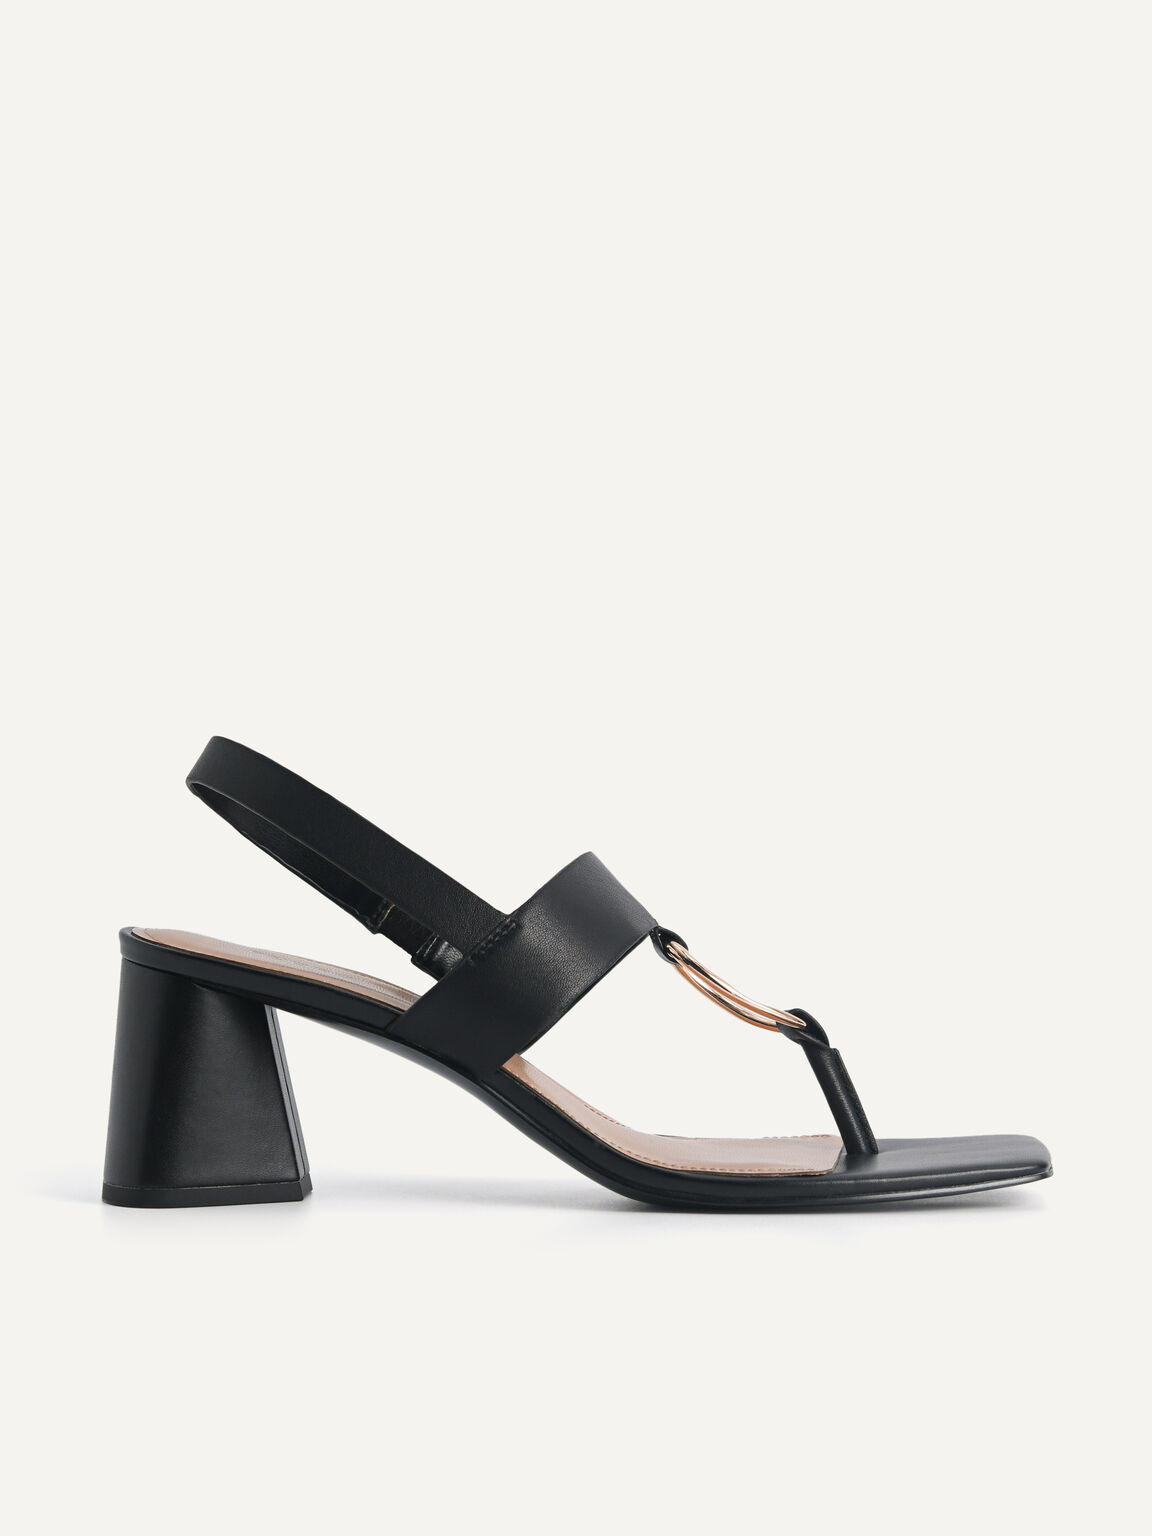 Leather Heeled Sandal With Gold Buckle, Black, hi-res
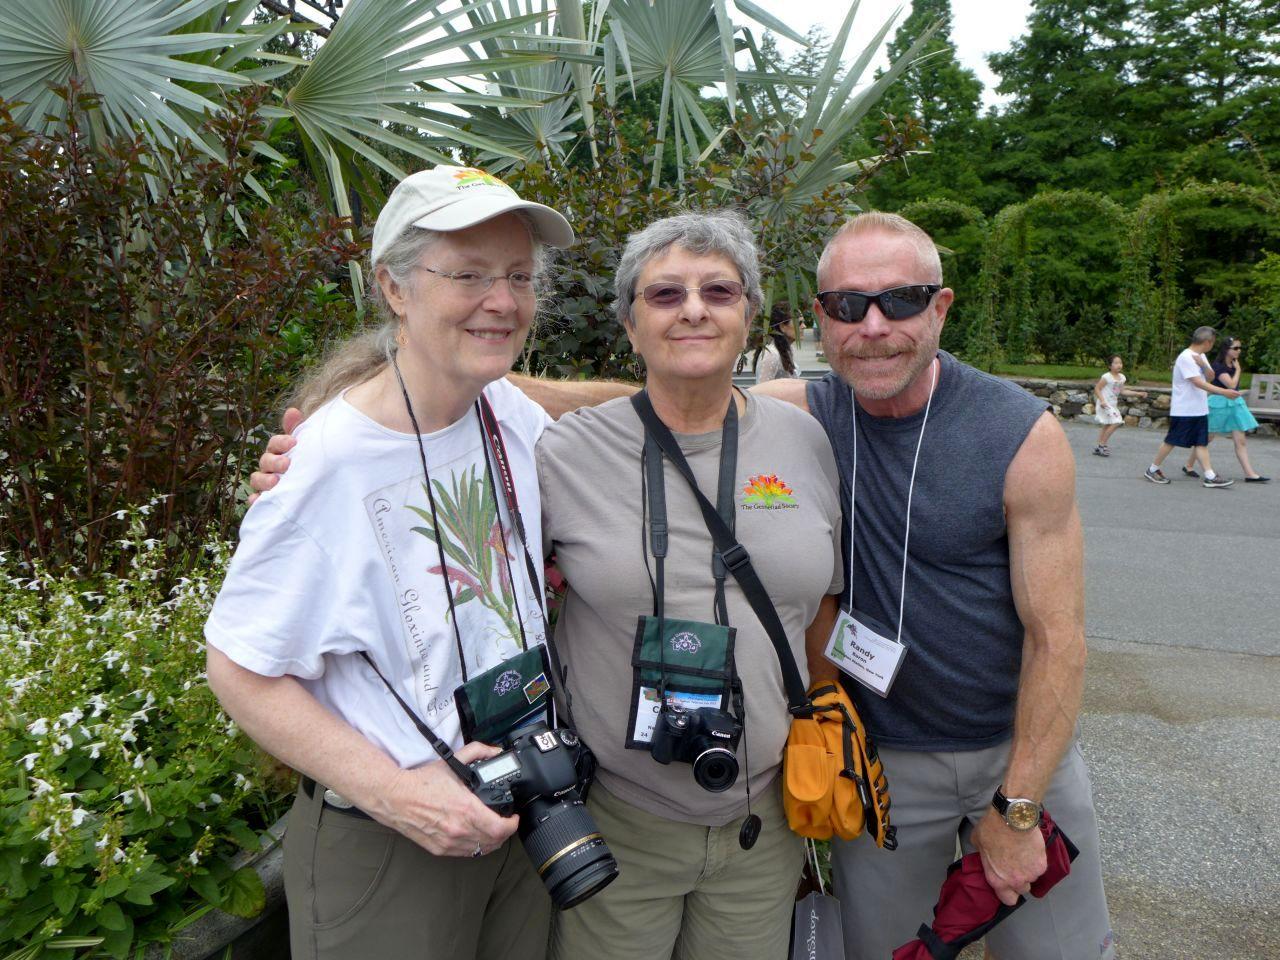 Julie Mavity-Hudson, Carol Ann Bonner and Randy Baron
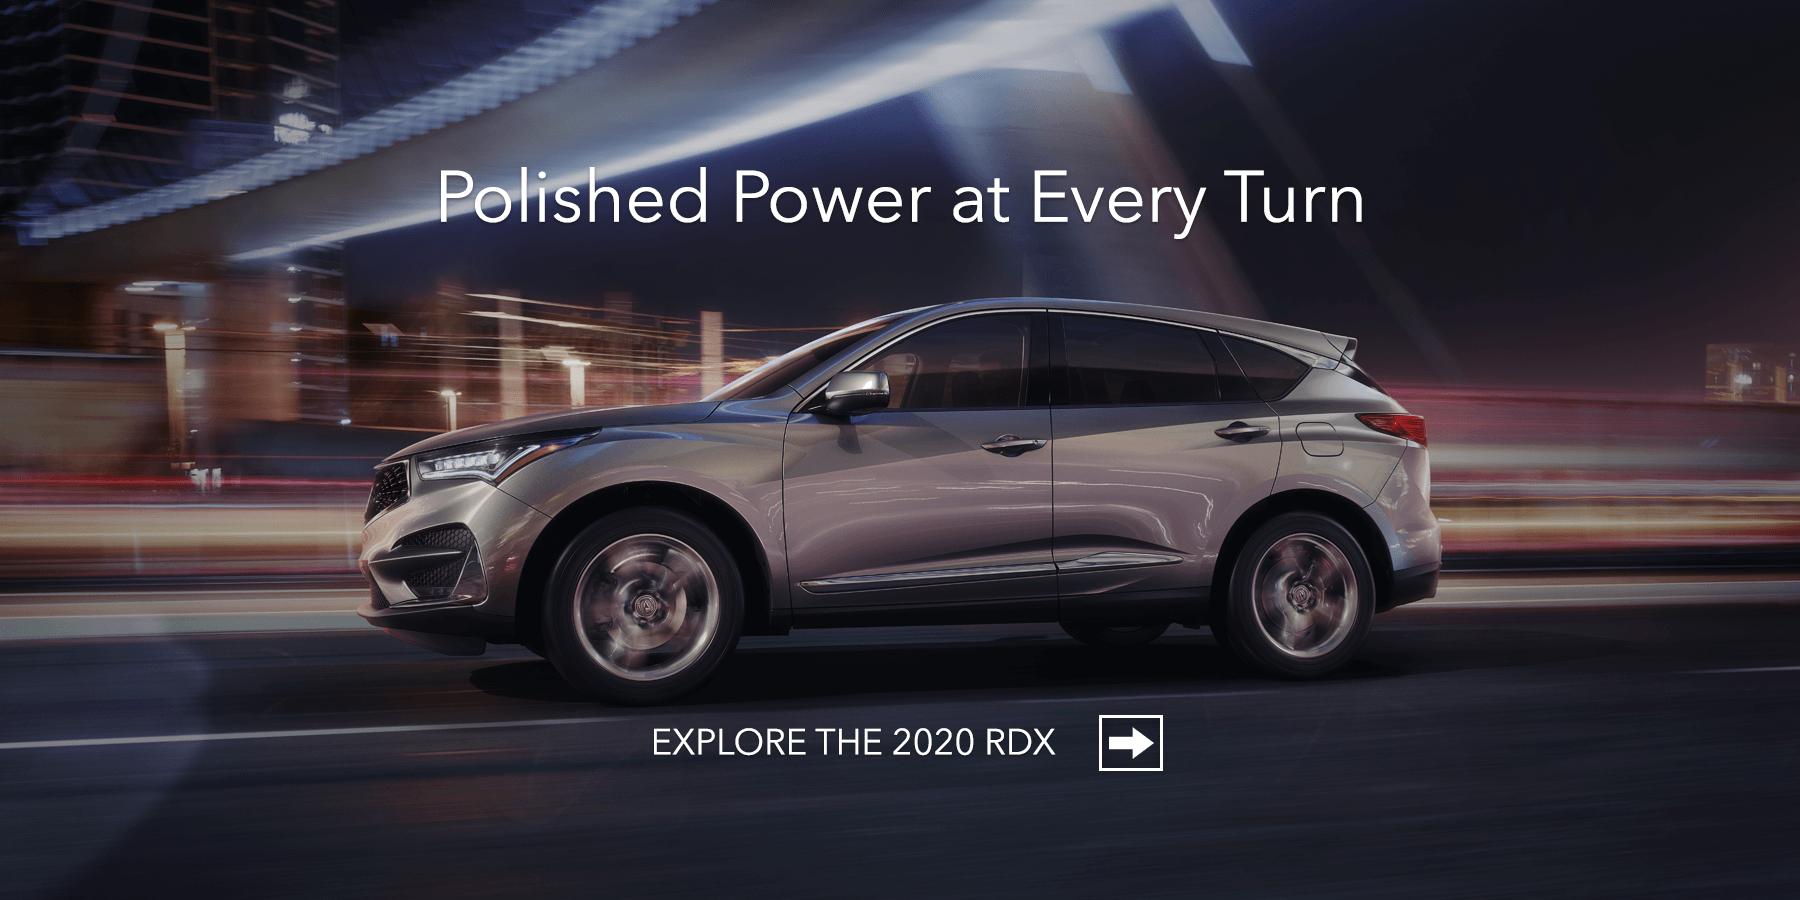 2020 Acura RDX Lunar Silver Metallic Side Profile Night HP Slide
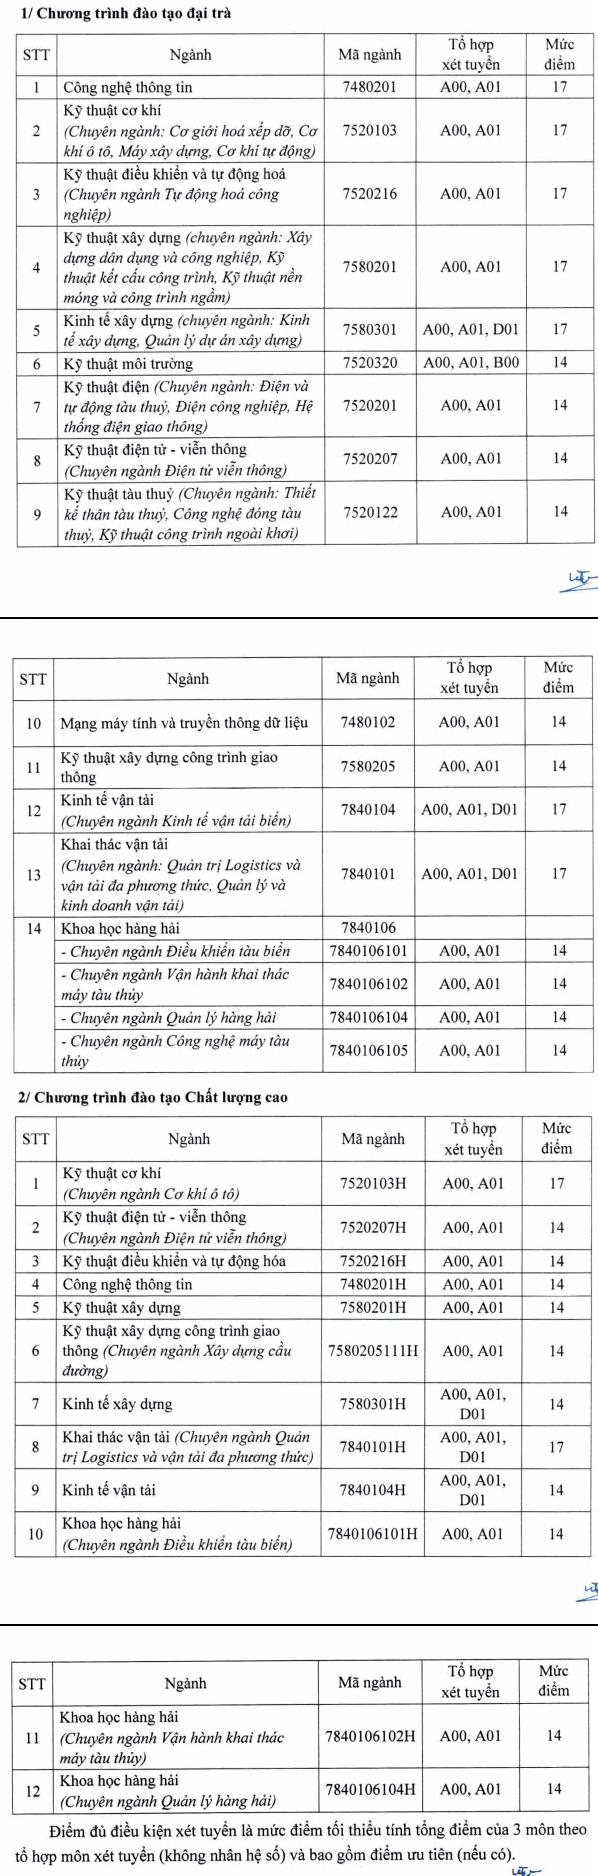 Dai hoc Giao thong van tai TPHCM cong bo diem san xet tuyen 2019

**Problem requirements:**
Omit each picture, then return all of the listing exactly as it stands.

**Task result:**
 Leather Heeled Sandal With Gold Buckle, Black, hi-res
 Julie Mavity-Hudson, Carol Ann Bonner and Randy Baron
 2020 Acura RDX Lunar Silver Metallic Side Profile Night HP Slide
 Dai hoc Giao thong van tai TPHCM cong bo diem san xet tuyen 2019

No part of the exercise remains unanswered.